Timeout seems to take effect, but there is no retry, compare with the 2 seconds found in Bug 28748 Comment 6:

root@master20:~# ucr set dns/backend='ldap'; /etc/init.d/bind9 restart; \
                 pkill --signal STOP slapd; \
                 time dig -p 7777 @127.0.0.1 $(hostname -f) +time=300 +retry=0; \
                 pkill --signal CONT slapd
[...]
real    1m0.077s

I guess that should be 2 seconds? No clue what's going on here in the code.
Comment 6 Philipp Hahn univentionstaff 2017-02-07 21:39:09 CET
(In reply to Arvid Requate from comment #5)
> Verified:
> 
> * OK: Bug #42389: Detect LDAP_SERVER_DOWN
> * OK: Bug #29977: Fix debug symbol generation
> * OK: Bug #28748: Add default LDAP timeout
> 
> Timeout seems to take effect, but there is no retry, compare with the 2
> seconds found in Bug 28748 Comment 6:
> 
> root@master20:~# ucr set dns/backend='ldap'; /etc/init.d/bind9 restart; \
>                  pkill --signal STOP slapd; \
>                  time dig -p 7777 @127.0.0.1 $(hostname -f) +time=300
> +retry=0; \
>                  pkill --signal CONT slapd
> [...]
> real    1m0.077s
> 
> I guess that should be 2 seconds? No clue what's going on here in the code.

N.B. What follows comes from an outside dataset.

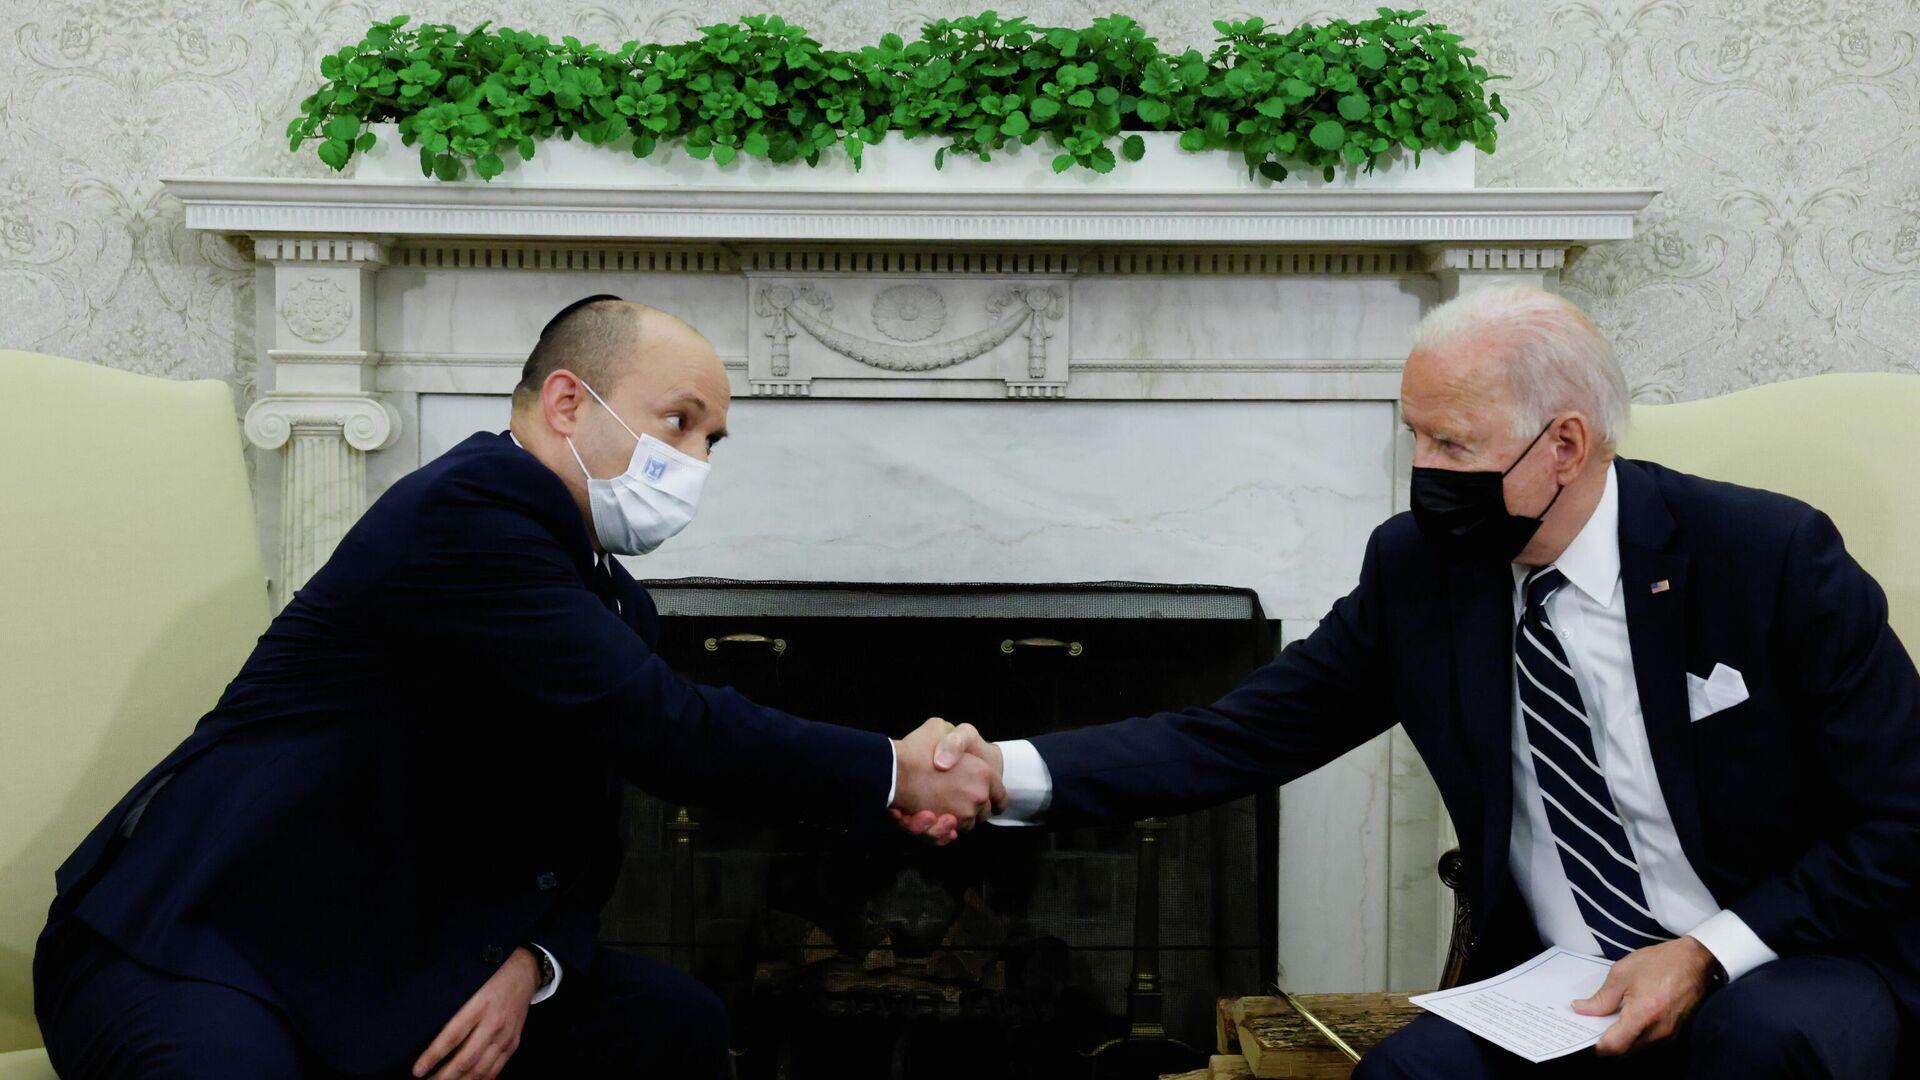 El primer ministro israelí, Naftali Bennett, y el presidente de EEUU, Joe Biden - Sputnik Mundo, 1920, 29.08.2021

r17168 | Bug #42389 bind9: Handle timeout
r17169 | Bug #42389 bind9: Handle timeout 2

Package: bind9
Version: 1:9.9.5.dfsg-9+deb8u6A~4.2.0.201702071811
Version: 1:9.9.5.dfsg-9+deb8u6A~4.2.0.201702072125
Branch: ucs_4.2-0


Seen SIGSEGV
Times out after 5m
Comment 7 Philipp Hahn univentionstaff 2017-02-08 14:20:50 CET
r17170 | Bug #42389 bind9: Handle timeout 3

Package: bind9
Version: 1:9.9.5.dfsg-9+deb8u6A~4.2.0.201702081326
Branch: ucs_4.2-0

QA: real    2m0.125s
Comment 8 Arvid Requate univentionstaff 2017-02-09 18:56:59 CET
Ok, looks good and works. I've added a line to the UCS 4.2 changelog:

The timeout and retry handling of the Bind9 LDAP database plugin has been improved (<u:bug>42389</u:bug>).
Comment 9 Philipp Hahn univentionstaff 2017-02-15 09:05:04 CET
(In reply to Arvid Requate from comment #8)
> Ok, looks good and works. I've added a line to the UCS 4.2 changelog:
> 
> The timeout and retry handling of the Bind9 LDAP database plugin has been
> improved (<u:bug>42389</u:bug>).

It's called BIND - Berkeley Internet Name Domain → r76679
Comment 10 Philipp Hahn univentionstaff 2017-02-28 16:45:12 CET
r17226 | Bug #42389: Fix crash on shutdown
 dns/backend=ldap LDAP-named crashed on shutdown or on error conditions, as bindname/bindpwd are freed, which are only ponters into a larger string.

Package: bind9
Version: 1:9.9.5.dfsg-9+deb8u6A~4.2.0.201702281603
Branch: ucs_4.2-0

QA: Change the password in /etc/bind/univention.conf.d/* and run
 gdb --args named -c /etc/bind/named.conf -p 7777 -u bind -f -d 65535
old version will crash, new will start.
Comment 11 Arvid Requate univentionstaff 2017-02-28 17:39:48 CET
Ok, reproducible and fixed.
Comment 12 Stefan Gohmann univentionstaff 2017-04-04 18:29:51 CEST
UCS 4.2 has been released:
 https://docs.software-univention.de/release-notes-4.2-0-en.html
 https://docs.software-univention.de/release-notes-4.2-0-de.html

If this error occurs again, please use "Clone This Bug".